The GOP presidential frontrunner denies any wrongdoing.
Since news reports surfaced that GOP presidential candidate Herman Cain had been accused of sexually harassing female employees at the National Restaurant Association when he headed the organization, he gone from a series of inconsistent recollections to refusing to comment on the matter. But after a fourth accuser came forward Monday, Cain held a press conference in Phoenix, Arizona, Tuesday evening to address the matter head-on. And, as he has in the past, Cain denied ever behaving inappropriately with anyone.

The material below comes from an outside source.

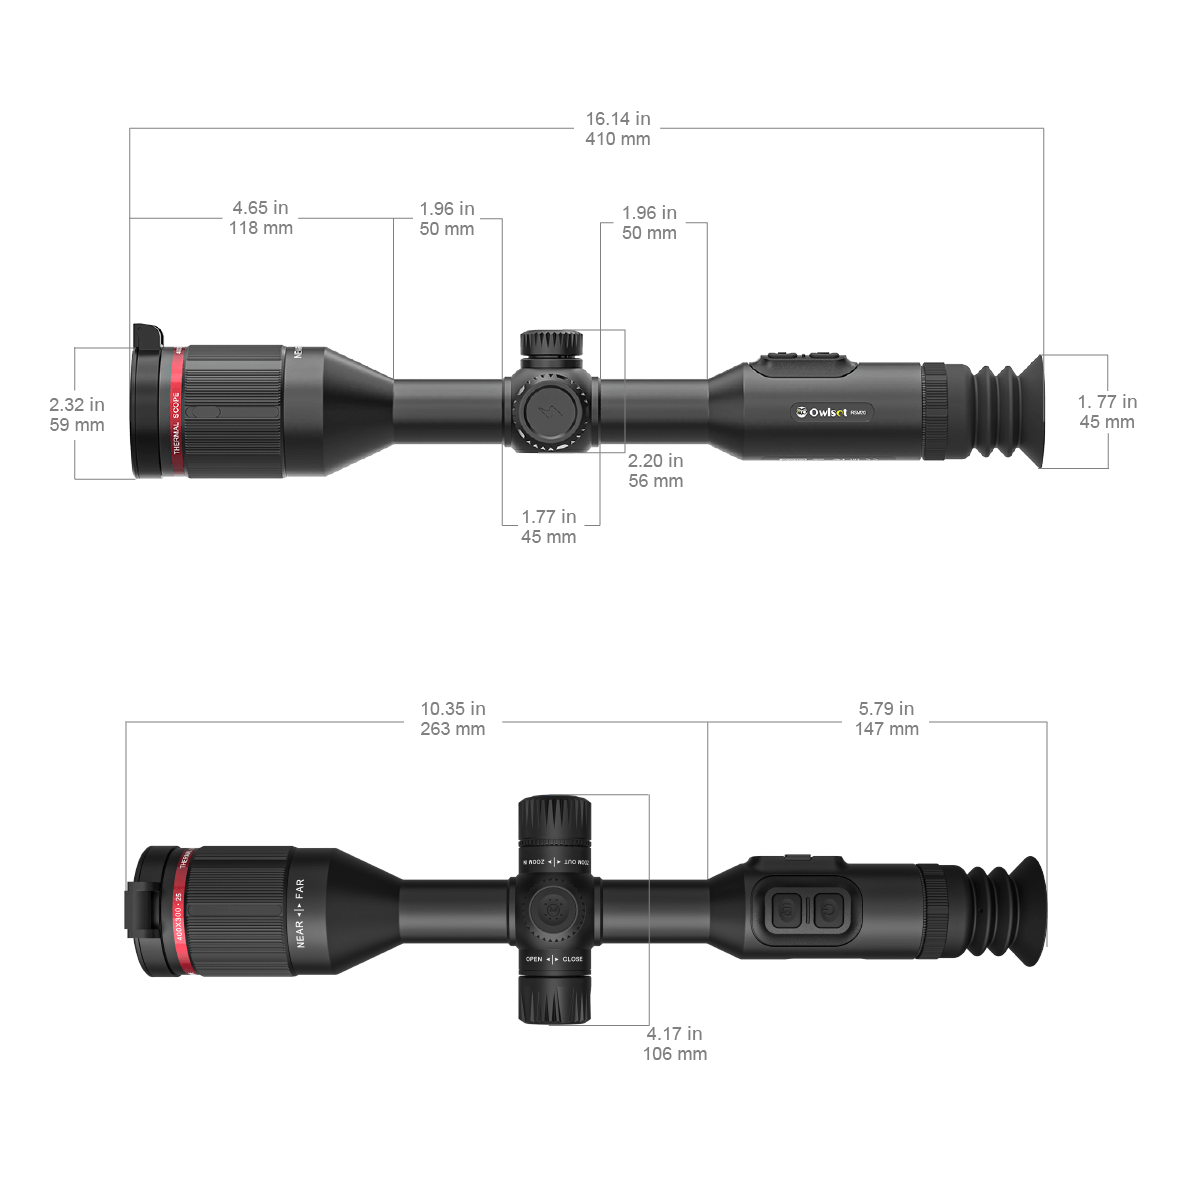 VEOT-RS02 RSM20 Riflescope Dimensions

Before Cain uttered a word, his attorney spoke first, describing his extensive experience dealing with cases involving accusations of sexual harassment but said those cases were dealt with in courts of law rather than than court of public opinion where his client his now being forced to defend his reputation.
“With respect to the most recent accusation, I have never acted inappropriately with anyone, period. I saw Ms. Allred and her client yesterday in that news conference for the very first time,” Cain said. “As I sat in my hotel room with a couple of my staff members, as they got to the microphone my first response in my mind and reaction was I don’t even know who this woman is. Secondly I didn’t recognize the name at all.”
He also said that the events Bialek described “simply did not happen” and some people may think that the scandal is going to deter him from running for president but “it ain’t gonna happen.”
In an earlier interview with ABC News and Yahoo, Cain also denied ever meeting Sharon Bialek, and said that when he saw her news conference, “I didn’t even recognize her." In addition, one of the women who received a settlement from the restaurant association has been identified as Karen Kraushaar, a spokesperson for the Inspector General at the Internal Revenue Service. A friend of hers told CNN that Kraushaar is not ready to go public but may in the future consider holding a press conference with other women who also allege that Cain harassed them.
Rival Mitt Romney also addressed the allegations in an interview with ABC News and Yahoo!, and while he would not say whether Cain should be “disqualified” from the Republican nominating race should the accusations be proven to be true, he did describe Bialek’s allegations as “particularly disturbing.